-- Supplied data follows --
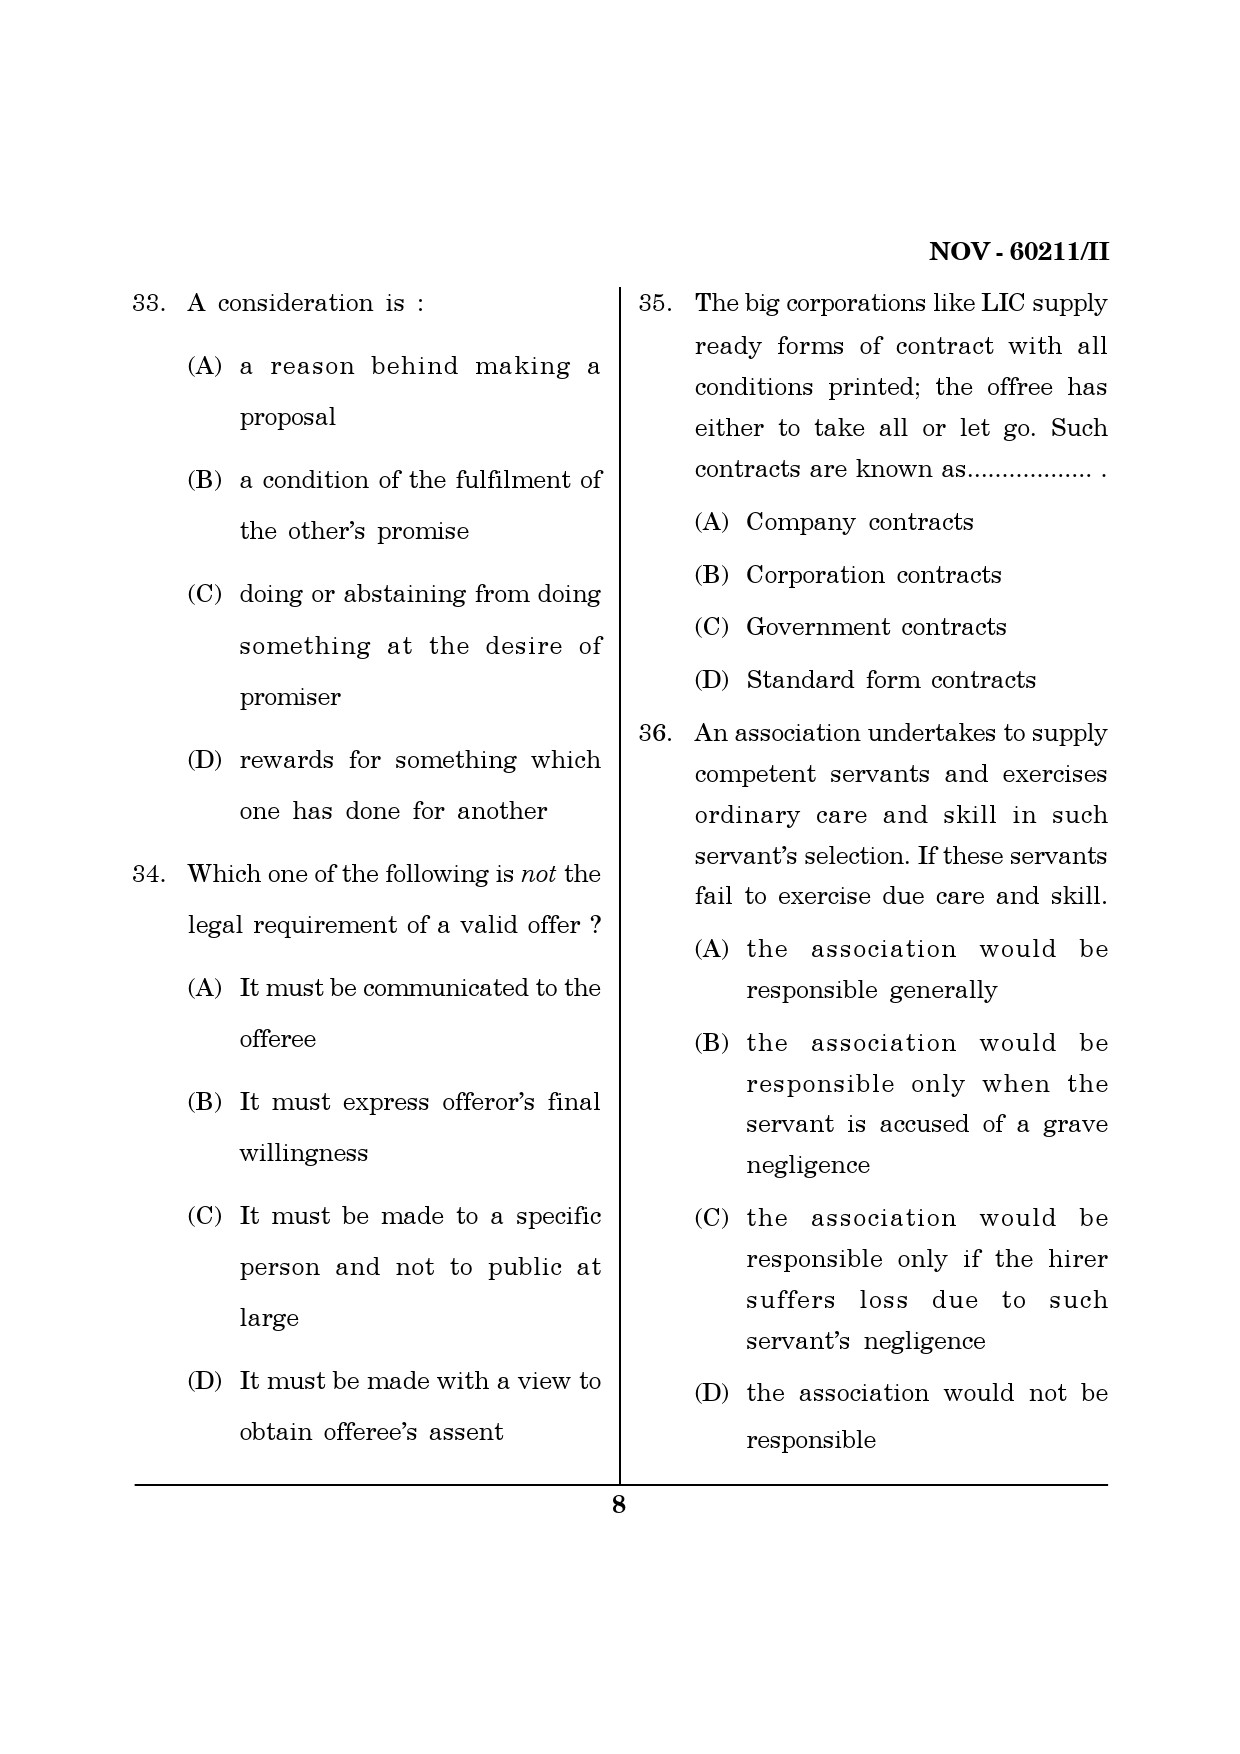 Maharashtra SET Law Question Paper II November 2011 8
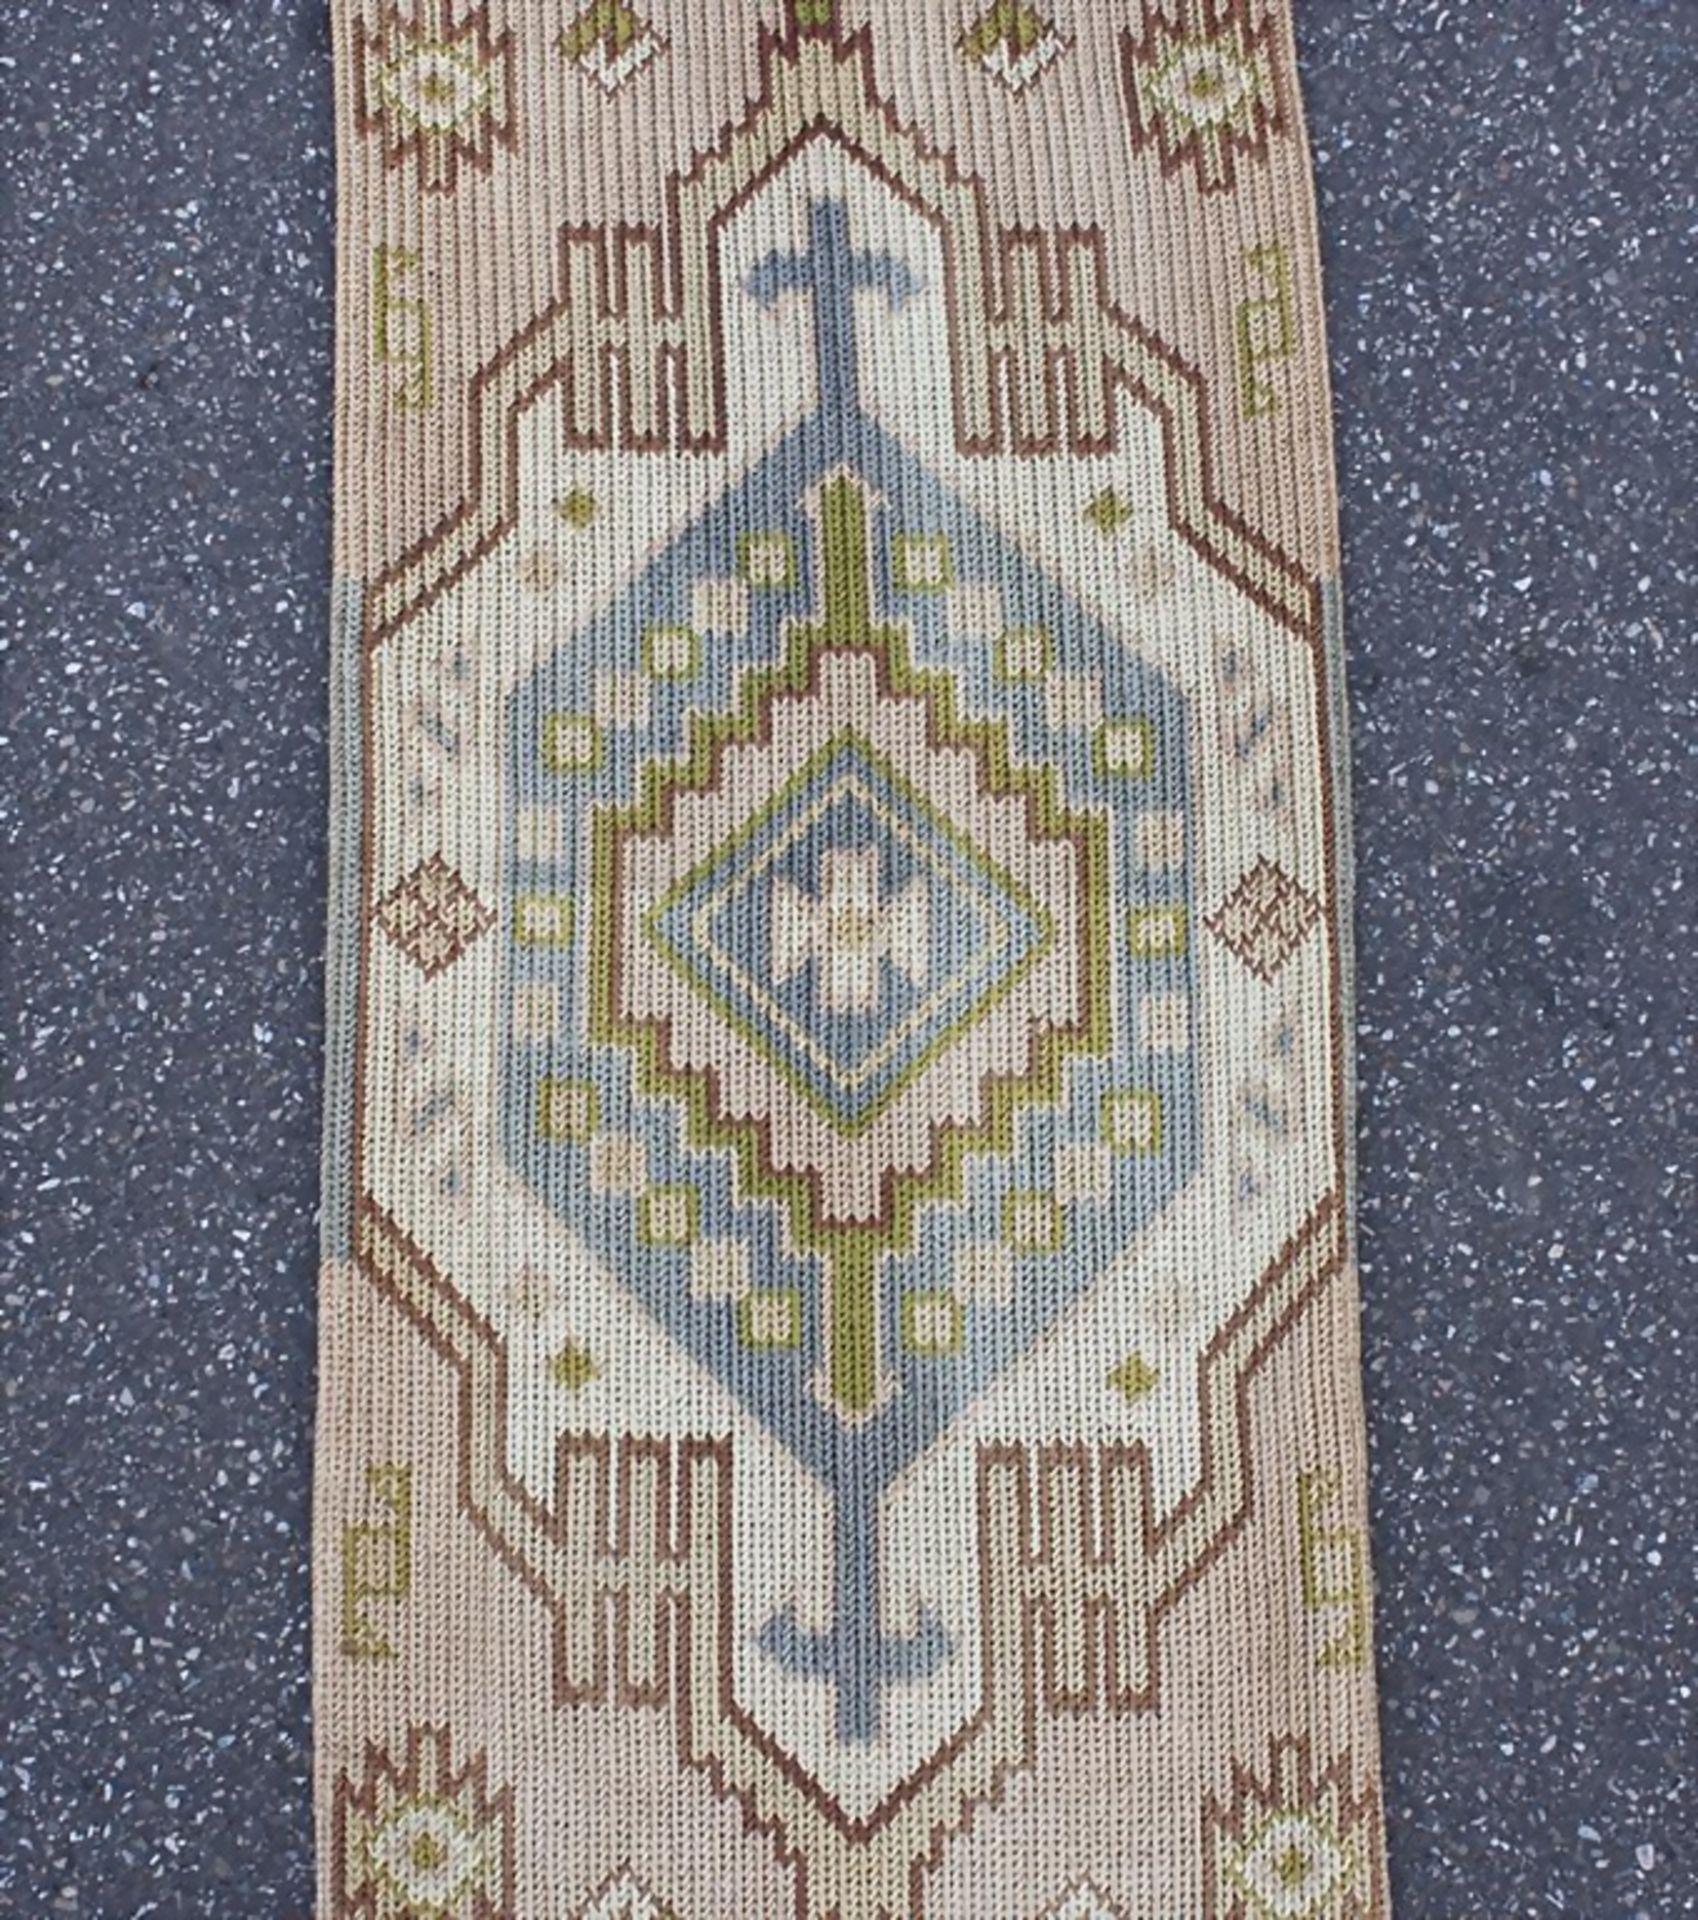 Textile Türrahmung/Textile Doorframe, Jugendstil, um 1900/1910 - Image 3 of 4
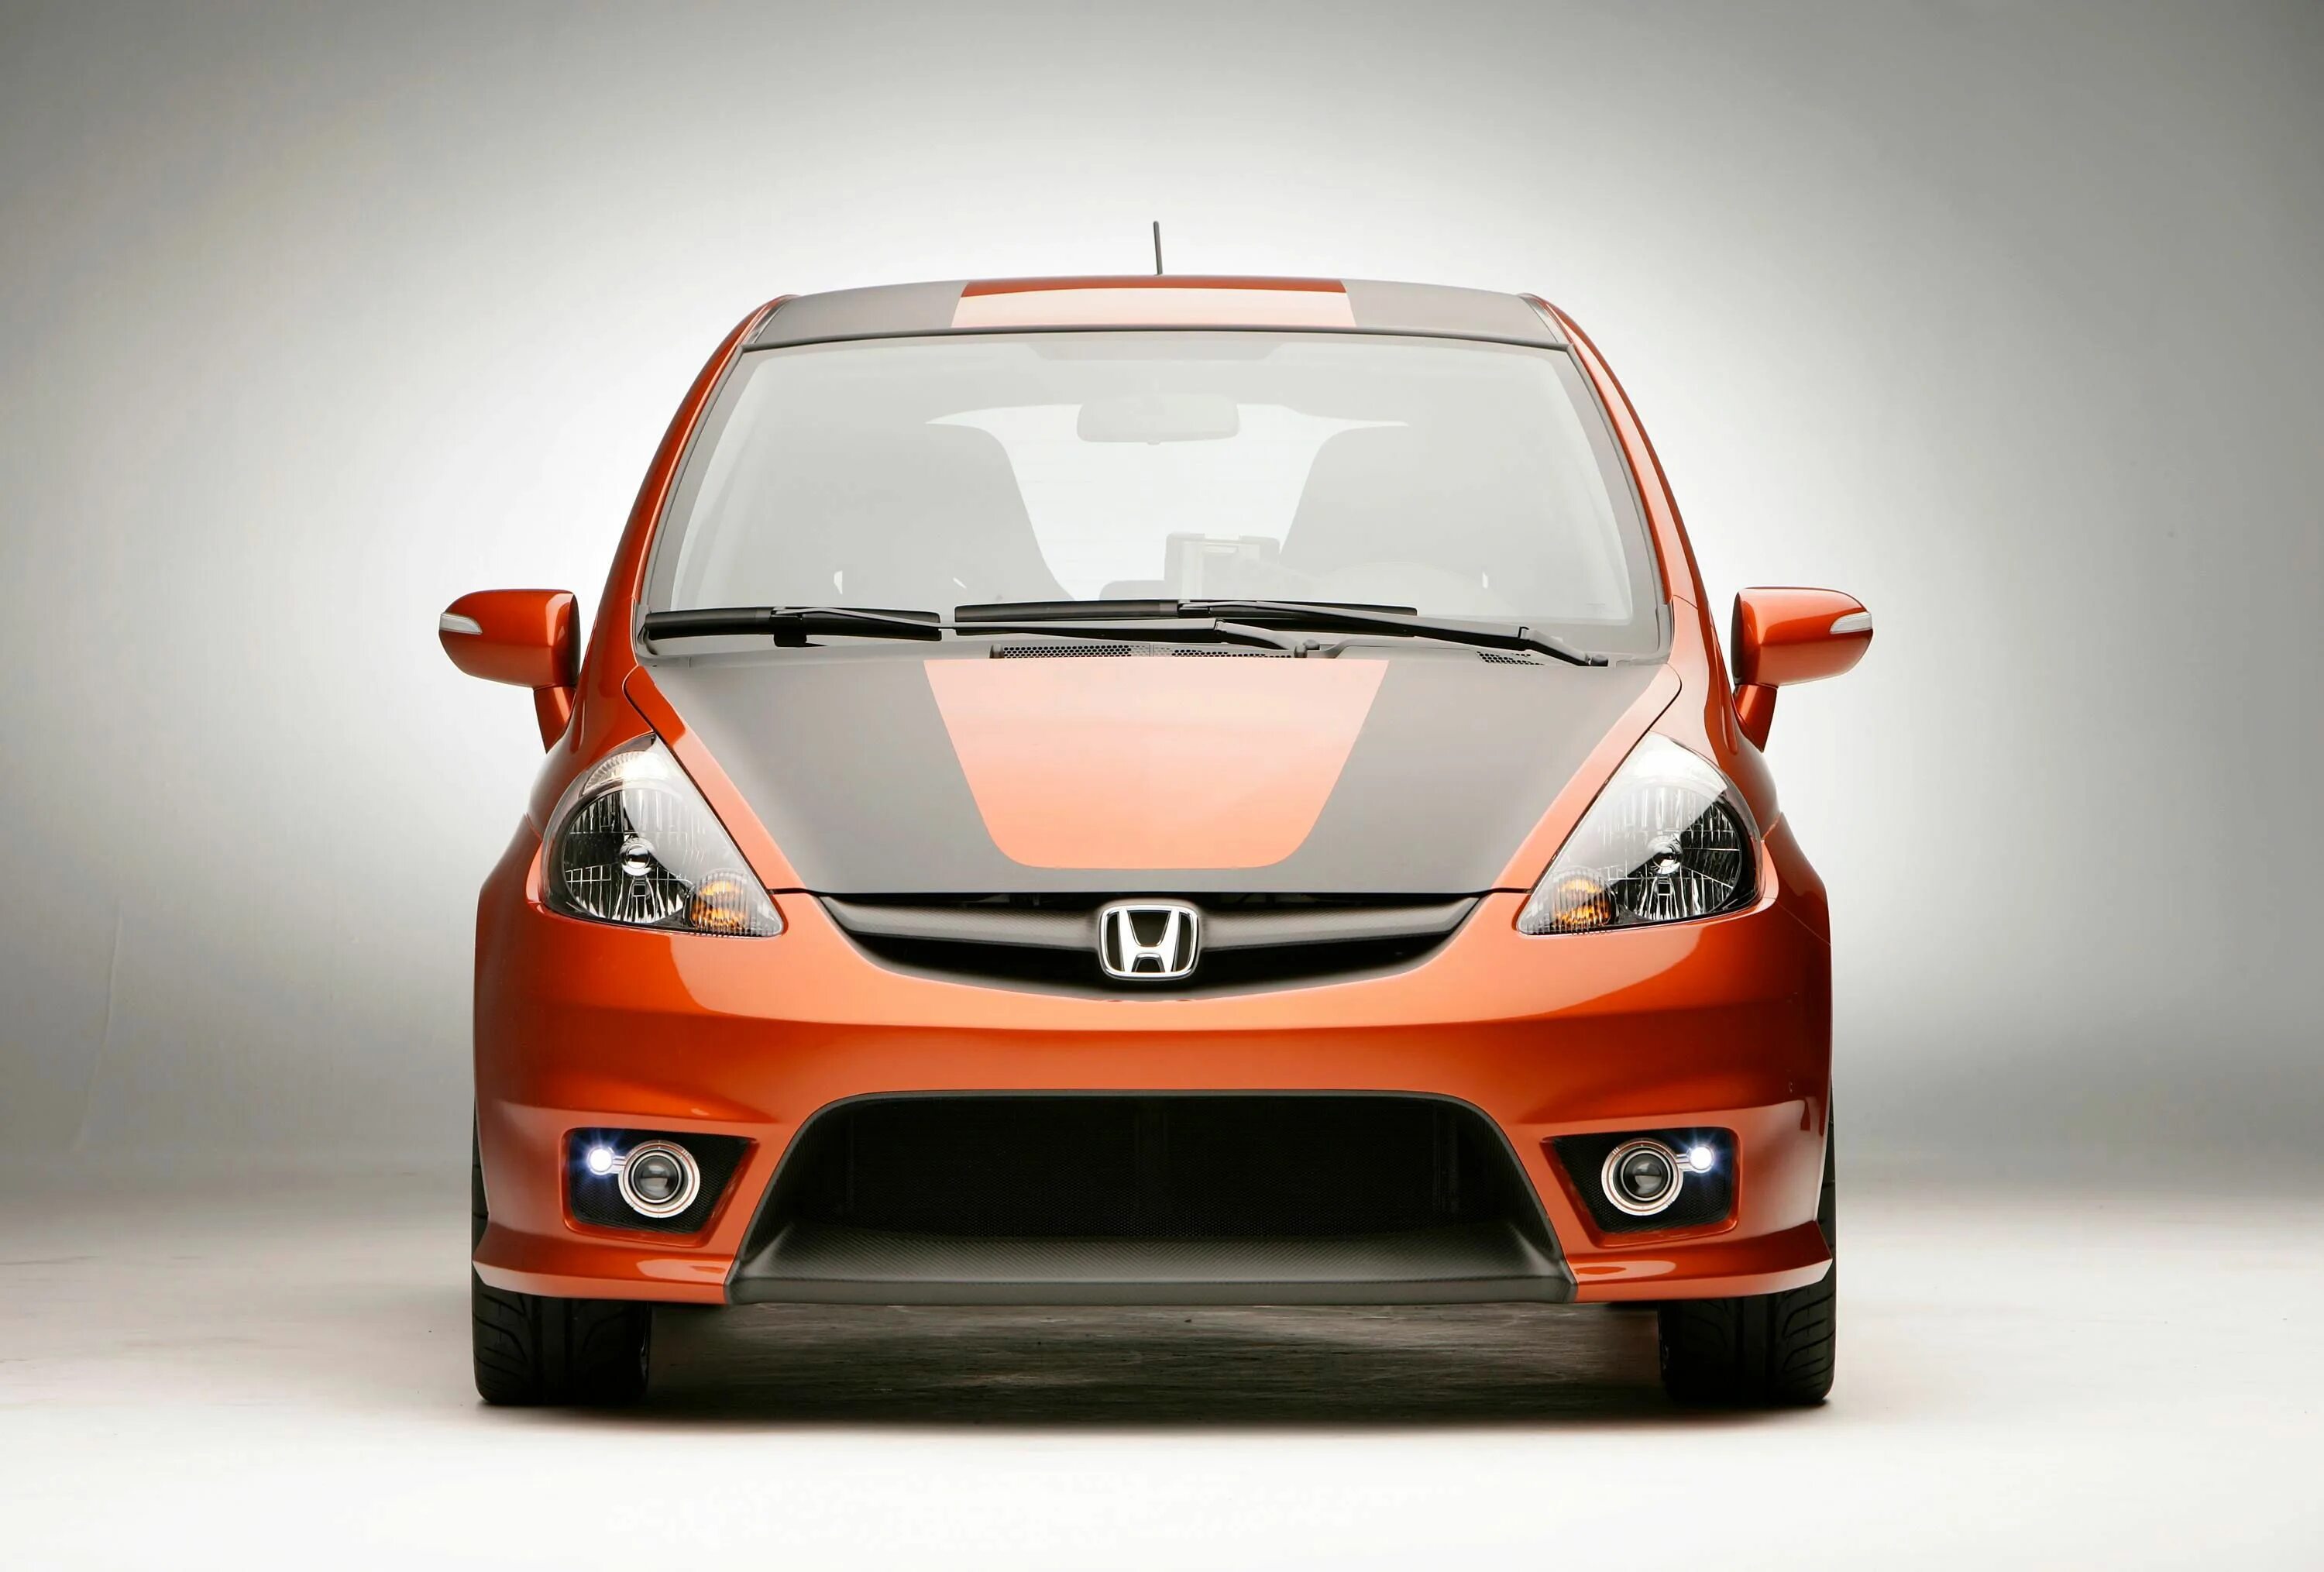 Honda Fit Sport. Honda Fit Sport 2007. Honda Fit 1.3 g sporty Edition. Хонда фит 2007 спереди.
-- Supplied data concluded --
What to produce »
Output nothing but the lines from the one containing "Textile Türrahmung/Textile Doorframe, Jugendstil, um" to the end of the listing, both ends included, reproduced exactly. Pictures stay out.

Solution »
 Textile Türrahmung/Textile Doorframe, Jugendstil, um 1900/1910 - Image 3 of 4
 Honda Fit Sport. Honda Fit Sport 2007. Honda Fit 1.3 g sporty Edition. Хонда фит 2007 спереди.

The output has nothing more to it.